Phishing Attack on Medical College of Wisconsin Impacts 9,500 Patients

The disclosure of roughly 9,500 patients’ PHI at the Medical College of Wisconsin has been triggered by a phishing attack. The assailants could access many staff members’ electronic mail accounts, which contained a range of confidential information of patients as well as some faculty workers.

The kinds of files in the accessed electronic mail accounts contained names, surgical information, treatment details, medical diagnoses, health insurance details, dates of birth, medical record numbers, dates of service and addresses. Bank account information and Social Security numbers of very few people had been accessed.

The incident occurred during July 21 to July 28 when phishing electronic mails were transferred to specific people at the Medical College of Wisconsin. Responding to those electronic mails led to the assailants accessing electronic mail login particulars.

Medical College of Wisconsin employed a computer forensics company to finish an inquiry into the phishing attack, and although that inquiry found that access to the electronic mail accounts was gotten by illegal people, it wasn’t possible to decide whether electronic mails with PHI had been viewed or accessed, or if any confidential information was acquired. Since the attack, no reports of abuse of PHI have been recorded.

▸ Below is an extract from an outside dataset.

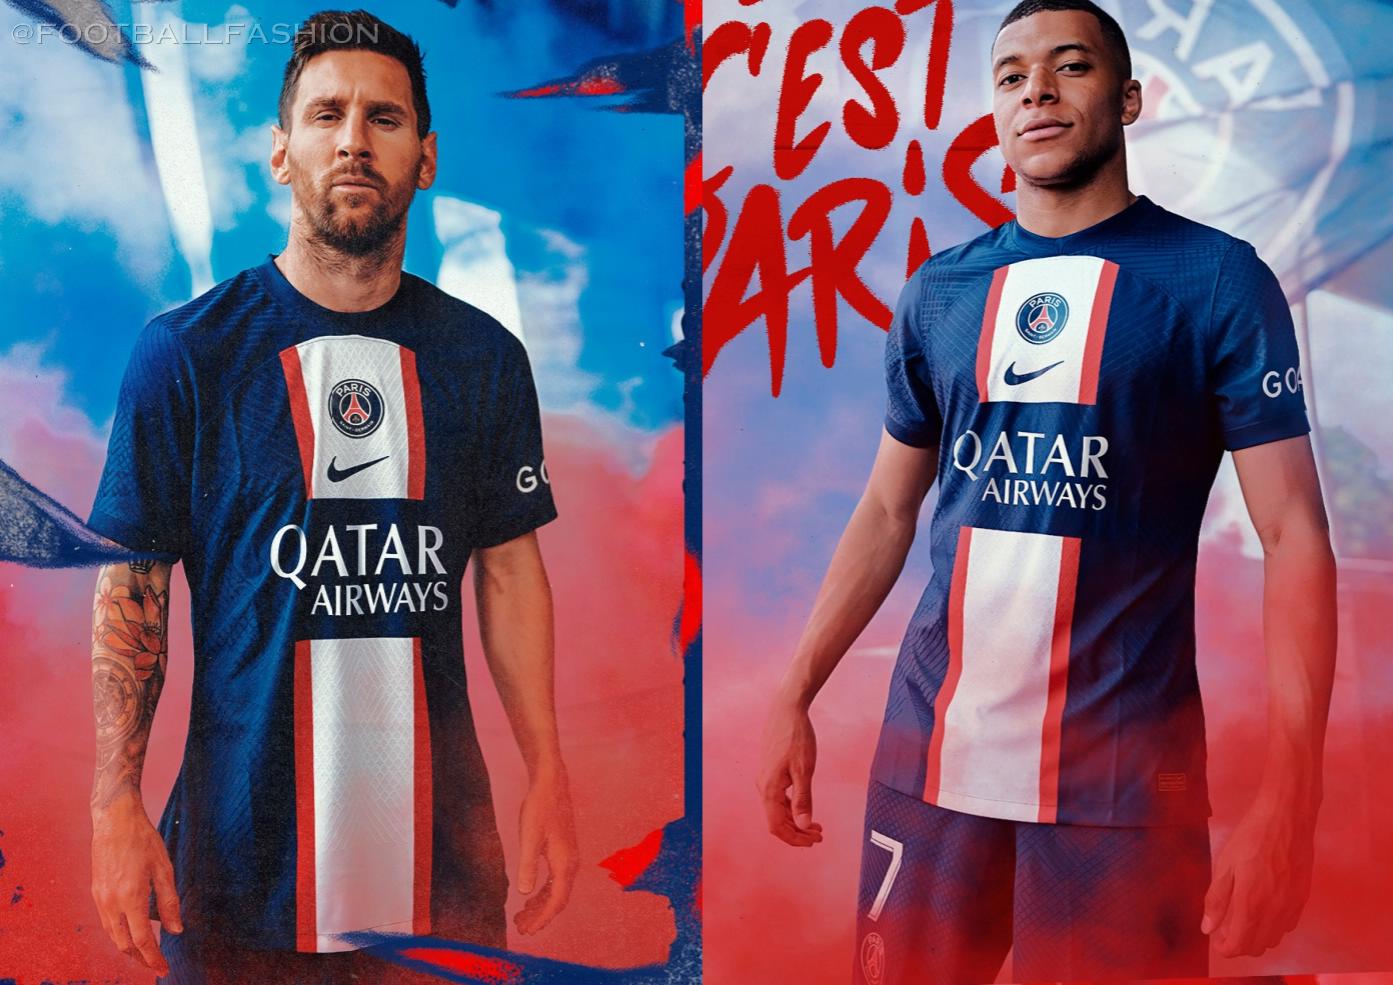 Paris Saint-Germain 2022/23 Nike Home Kit - FOOTBALL FASHION

To safeguard people from identity thievery and scam, credit checking and identity thievery reinstatement facilities have been provided for breach victims free of cost, however only to those persons whose Social Security numbers were read.

Medical College of Wisconsin disclosed that besides some faculty workers as well as Medical College of Wisconsin patients, a few people who got the cure at Froedtert Health and Children’s Hospital of Wisconsin have also been impacted by the breach.

The latest Medical College of Wisconsin phishing attack comes only 10 months after a similar case led to the retrieving of 3,200 patients’ PHI.